Merbabu telah menjadi wacana yang akhir-akhir ini sering dibicarakan teman-teman Kompas. Tidak hanya di forum rapat, tapi status twitter, facebook, dan BBM-pun kebanyakan berbau Merbabu. Ya, akhir bulan Juni kami berencana akan mendaki Merbabu, tepatnya setelah UAS.

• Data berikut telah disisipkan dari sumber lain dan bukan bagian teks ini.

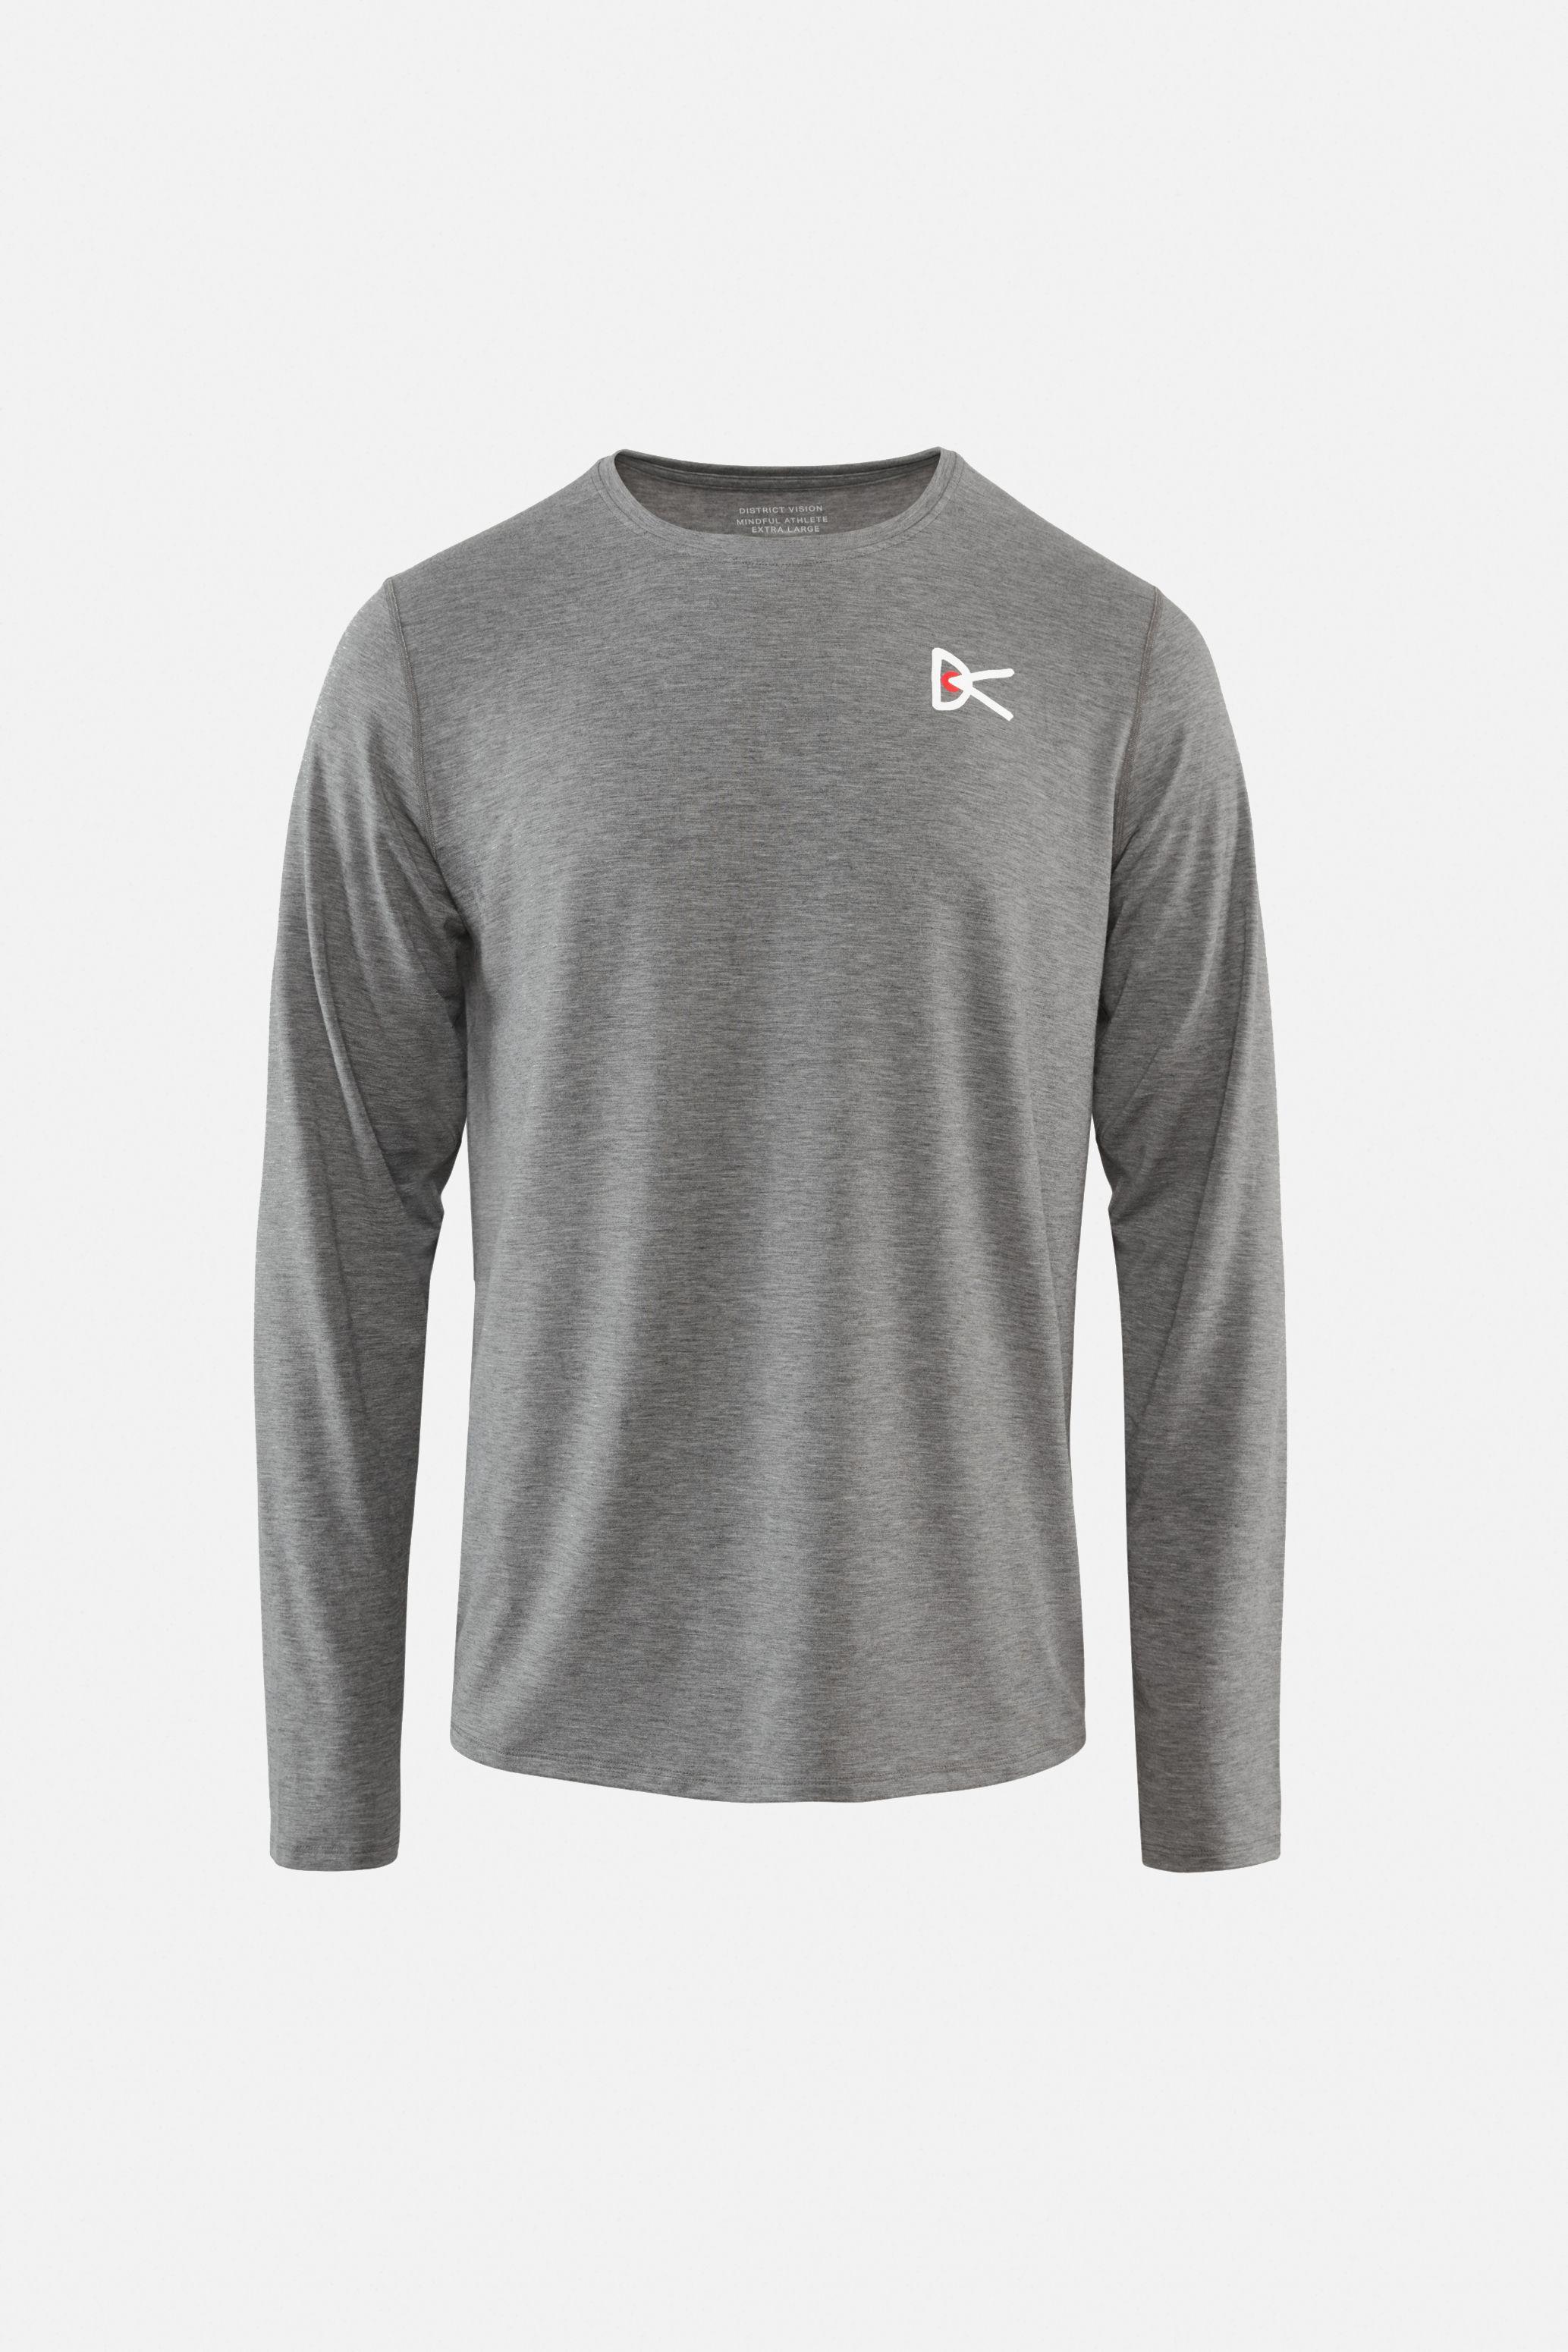 Tadasana Long Sleeve T-Shirt, Dark Gray

Dan seperti biasa, jauh sebelum hari H pendakian, aku mulai memikirkan alasan terbaik dan se-kreatif mungkin untuk mengulur waktu kepulanganku, jadi aku bisa ikut pendakian tanpa mama papa tau. Dan backstreet dalam hal naik gunung itu sangat tidak menyenangkan sodara-sodara~
Udah setahun lebih aku menjalani backstreet ini , and honestly, I'm so tired with this. Ketika kalian membuat satu kebohongan, kalian harus membuat kebohongan-kebohongan baru untuk menutupi yang lama, dan berbohong itu menguras pikiran.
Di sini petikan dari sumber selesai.